生猪养殖系统碳足迹评估研究进展

doi:10.3864/j.issn.0578-1752.2024.02.012

摘要/Abstract

摘要：

【目的】畜禽养殖业是重要的温室气体排放源，我国是生猪养殖大国，科学评估生猪养殖系统碳足迹，能够为畜牧业深入推进减排降碳提供参考借鉴。【方法】本文中从碳足迹评估模型、评估方法和主要排放源三方面对国内外生猪养殖系统碳足迹评估研究现状进行梳理，围绕系统边界、排放源、核算方法以及单位选择等因素深入分析了评估结果差异性的成因，解析了饲料生产、粪污处理等环节对评估结果的影响。【结果】目前国外对生猪养殖生产全生命周期的碳足迹评估形成了较为成熟的评估模型。每生产1 kg功能单位的猪肉碳足迹为2.2—10.3 kg CO_2-eq。各研究中，不同评估方法会对评估结果产生较大影响。划定不同的系统边界、采用不同的功能单位，均会导致碳足迹评估结果出现差异。同时，在相同系统边界内，核算的排放源不同、同一排放源选取的参数不同，或者选择不同的分配方法也会影响评估结果。在生猪养殖生产系统中，饲料生产是对生猪生产系统碳足迹贡献最大的环节，占比为49%—83%。粪便管理环节的排放仅次于饲料生产环节，占比为12%—41%。

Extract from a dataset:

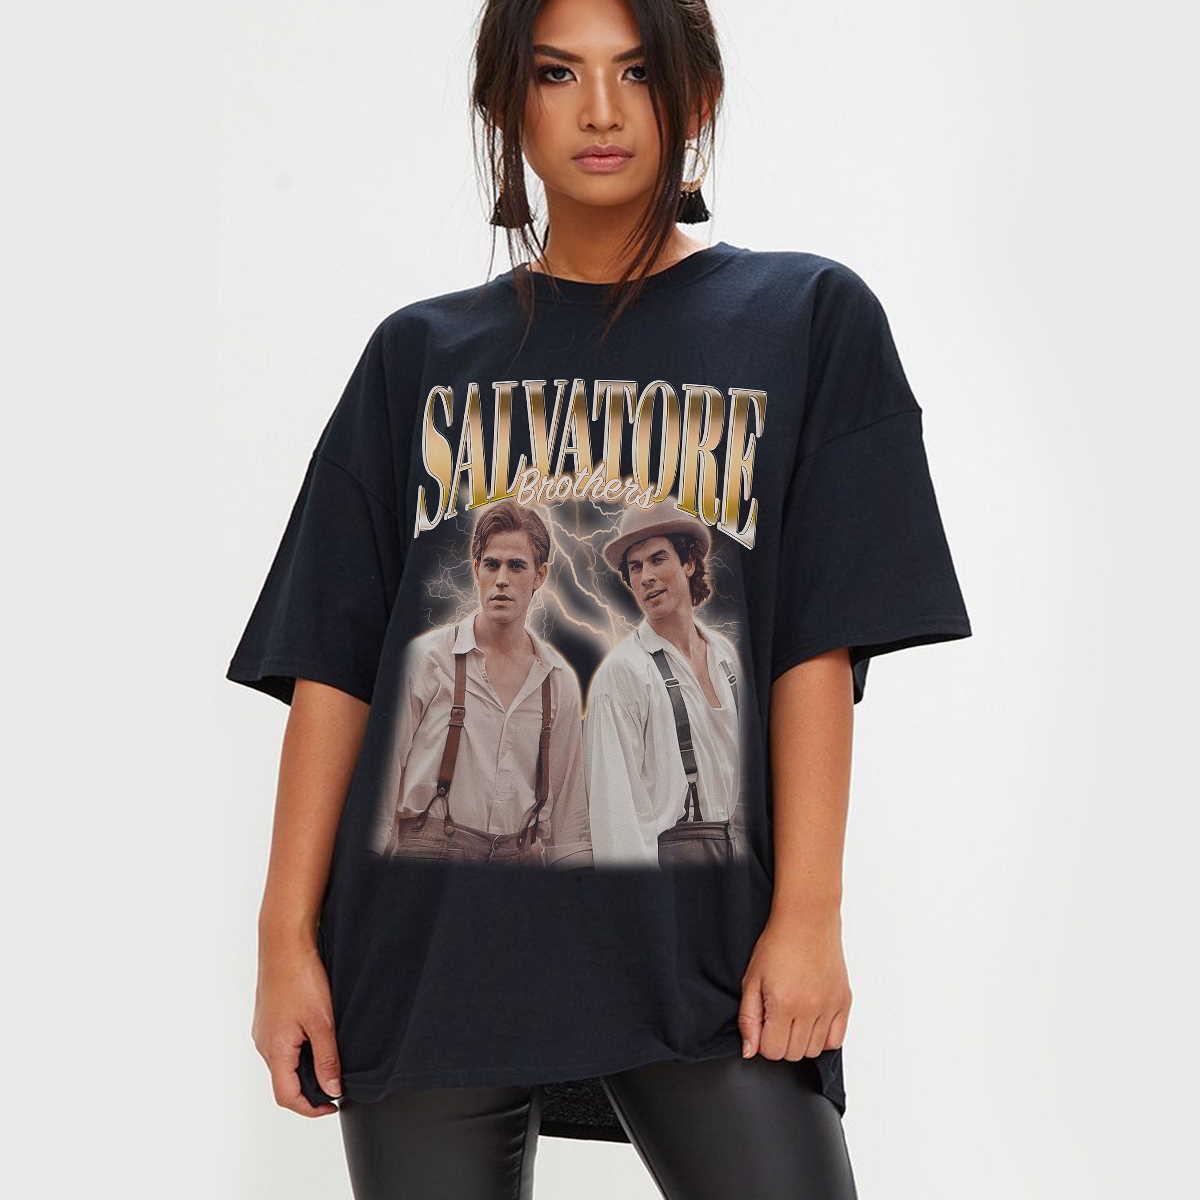 Salvatore Brother’s Shirt, Stefan Salvatore Shirt

【结论】为了使我国生猪养殖系统的碳足迹评估更加精准和广泛，应开展针对中国不同区域不同养殖模式下温室气体排放关键参数的监测，根据我国生猪养殖系统发展现状建立适合本国国情的碳足迹评估数据库，统一评估方法，规范评估要求，创建符合地区实践的评估模型，为我国生猪养殖产业的可持续发展提供数据参考。

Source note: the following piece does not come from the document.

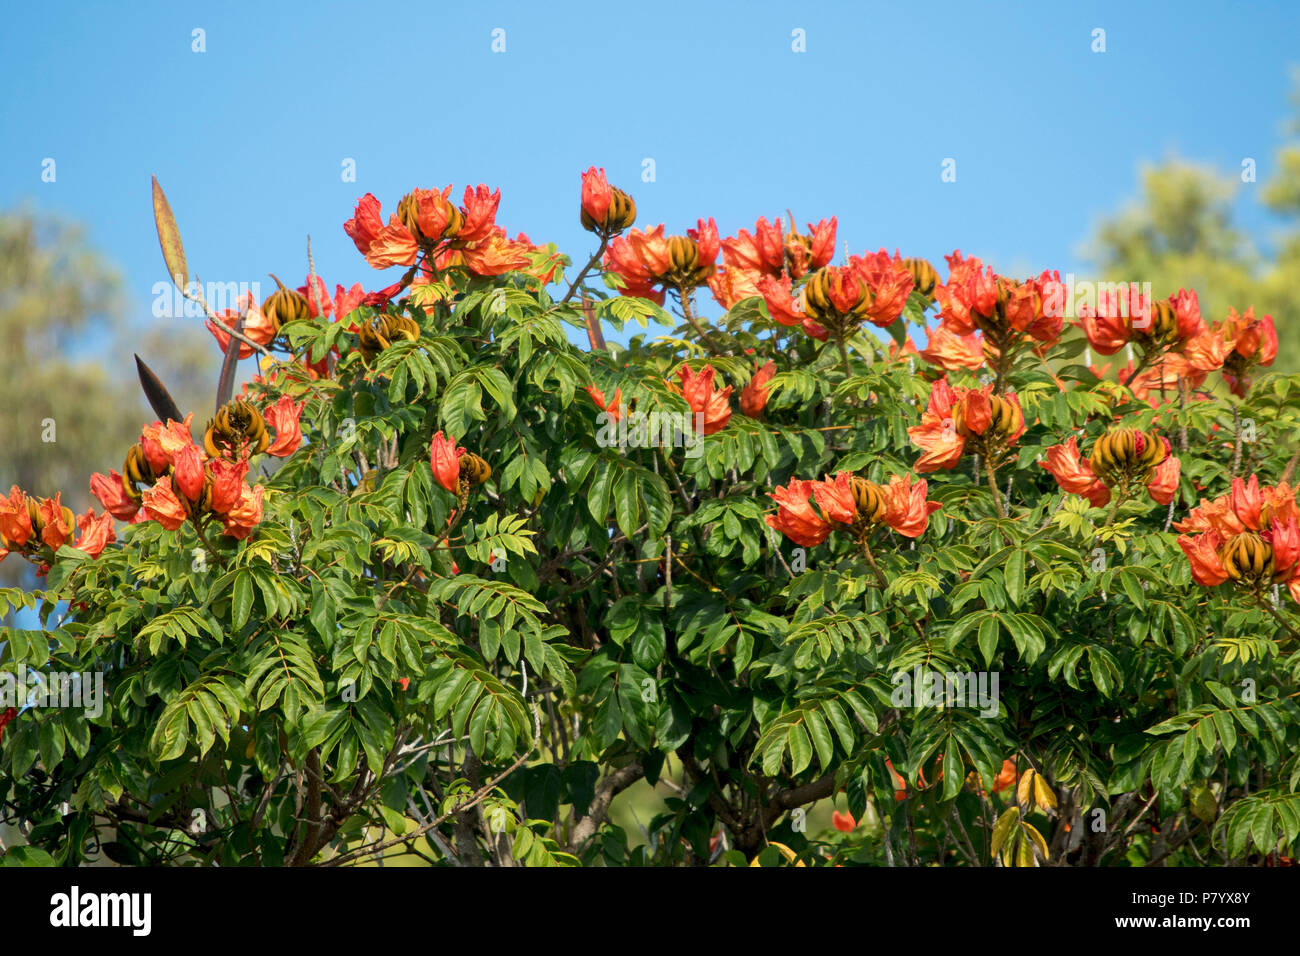 Spathodea campanulata, African Tulip Tree, avec masse des grandes fleurs orange et les coupelles de semences passant de feuillage vert dense contre le ciel bleu Banque D'Images

关键词: 碳足迹, 生猪, 评估方法, 系统, 低碳, 温室气体, 全生命周期

Abstract:

【Objective】 Livestock production is one of the important emission sources of greenhouse gases, while China is a major country in pig farming. Scientifically assessing the carbon footprint of pig farming system can provide a reference for further promoting carbon emission reduction of animal husbandry. 【Method】 This paper reviewed the research status of carbon footprint assessment of pig breeding system, including model, results and composition. The results of carbon footprint assessment were related to many factors, such as system boundary, emission sources, accounting methods and functional unit. In this study, we considered the main factors which affect the evaluation results, and analyzed the reasons for the difference of results. 【Result】 Through reviewing the domestic and foreign literature on carbon footprint assessment, it was realized that the assessment model of livestock had been constructed well in developed country. The carbon footprint of 1 kg functional unit product was 2.2-10.3 kg CO_2-eq. The assessment results varied due to the different evaluation methods in various studies. Different system boundaries and functional units were the important reasons for different results. The different emission sources, accounting parameters selected for the same emission source, or diverse allocation methods under the same system boundary also led to great differences. For the contribution to the carbon footprint of the pig production system, feed production was the largest link, accounting for 49%-83%; the second was manure management, accounting for 12%-41%. 【Conclusion】 In order to widely precise the carbon footprint of China’s pig production system, the suggestions were as follows: monitoring the key parameters of greenhouse gas emissions for various feeding modes in all regions of China should be carried out; the Chinese carbon footprint assessment database according to the development status of Chinese pig breeding systems should be established; the unified and standardized evaluation methods should be appeared publicly; an carbon footprint assessment model fit for different regions of Chinese production practice should be created to provide data reference support for the sustainable development of Chinese pig production system.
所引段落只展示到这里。